Lee Congerton

Personal information
- Date of birth: 1 January 1972 (age 53)
- Place of birth: Rhyl, Wales

Team information
- Current team: Atalanta Bergamasca Calcio (head of senior recruitment)

= Lee Congerton =

Welsh footballer

Lee Congerton is a Welsh former footballer who is the Head of Senior Recruitment for SPL club Al-Ahli Saudi FC.

==Playing career==
Congerton was born on July 28, 1973. He is the son of Rhyl player Dave Congerton. While being educated at Rhyl High School he played youth international football for Wales. He signed a semi-professional contract with Rhyl, before a professional trial at Wrexham where he met Brian Flynn.

However, realising that he enjoyed coaching more than playing, Congerton signed a semi-professional contract with Colwyn Bay, allowing him to study for a degree. He then spent time at Weymouth, before signing a professional contract at Crewe Alexandra.

==Coaching==
His career at Crewe was blighted by injuries. It was then that Flynn, by then manager of Wrexham, offered Congerton a coaching position as Youth System Director. After Denis Smith took over as Wrexham manager Congerton joined the coaching team at Liverpool in 2002, before leaving the club in 2005 for Chelsea.

At Chelsea, he was initially appointed youth team coach by Jose Mourinho. However, after the appointment of Frank Arnesen as Sporting Director, Congerton was appointed chief scout, alongside Brendan Rodgers as reserve-team coach, and academy manager Neil Bath. The team's purpose was to scout and then coach young players into the first team, which included: Ryan Bertrand; Daniel Sturridge; Gael Kakuta; Jeffrey Bruma; Scott Sinclair and Fabio Borini.
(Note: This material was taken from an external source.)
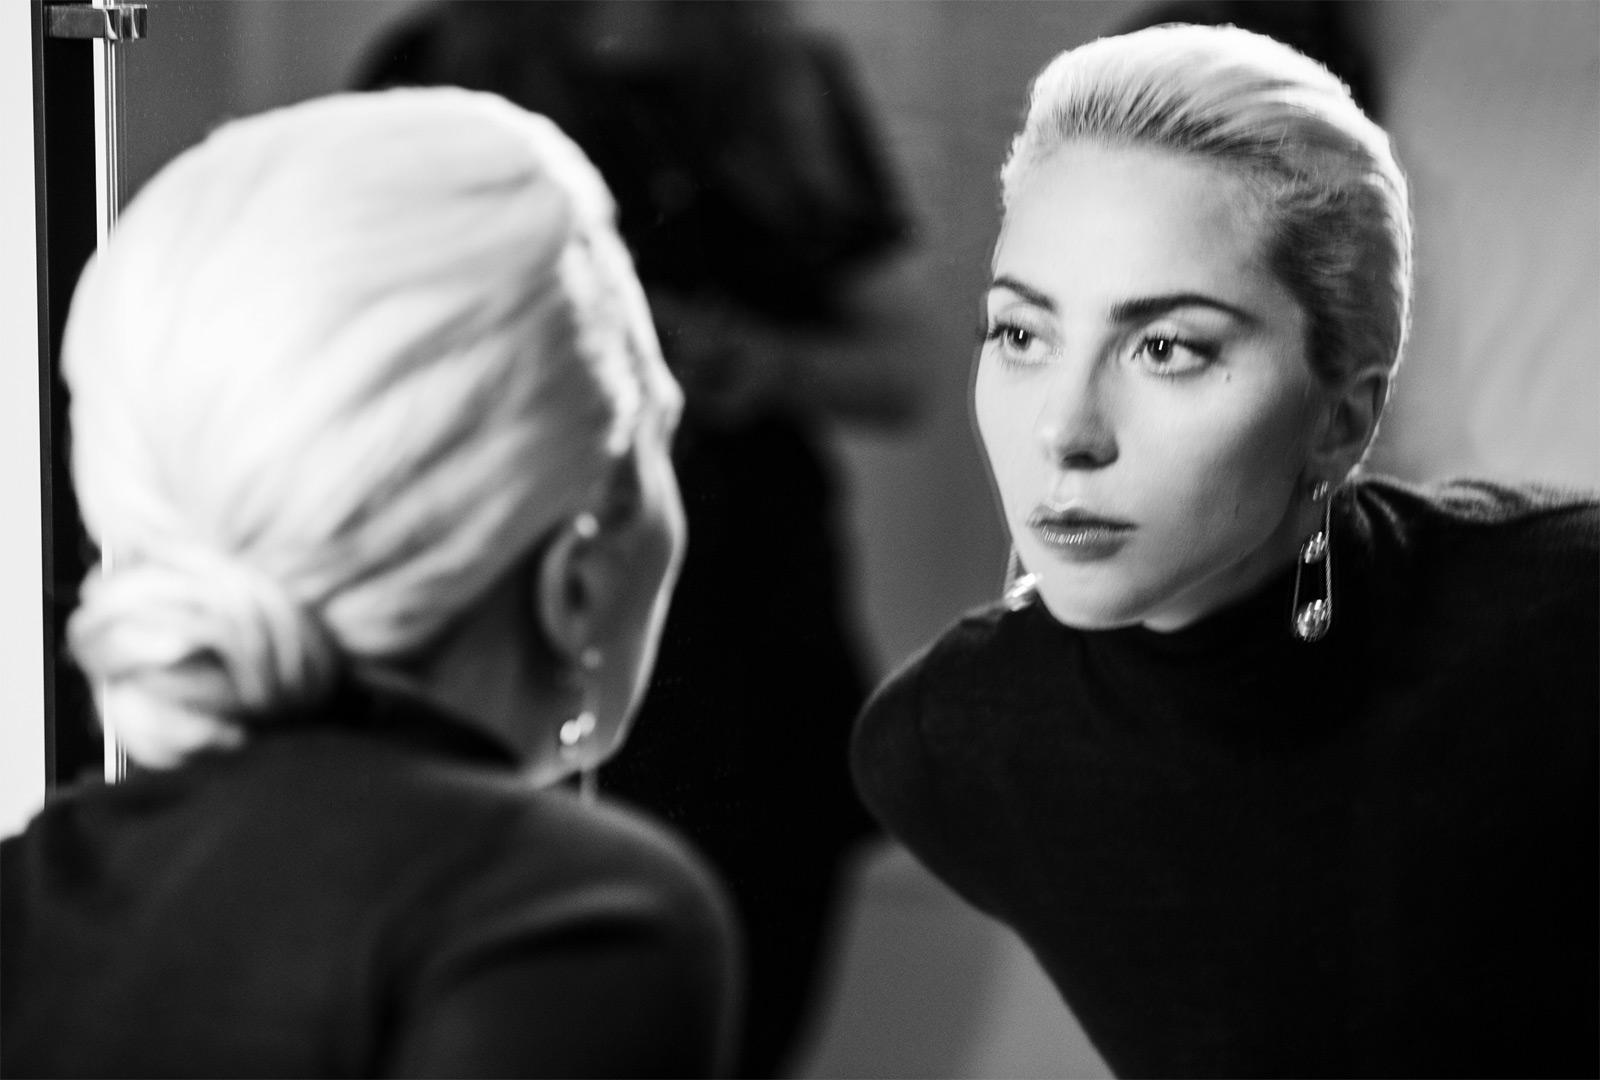 Stefani Joanne Angelina Germanotta aka Lady Gaga

The team worked through various Chelsea first team managers, including the appointment of Andre Villas Boas.

After Arnesen was appointed Sporting Director of Hamburger SV in 2011, Congerton was appointed Technical Director, working alongside head coach, Thorsten Fink.

In October 2012, West Bromwich Albion approached Hamburger SV to request to appoint Congerton to replace their former Technical Director Dan Ashworth; this was immediately turned down by Hamburger SV.

On 12 March 2014, Sunderland appointed Congerton as their Sporting Director.

On 15 March 2017, Celtic appointed Congerton as their Head of Recruitment.

On 11 May 2019, Leicester City appointed Lee Congerton as their Head of Senior Recruitment.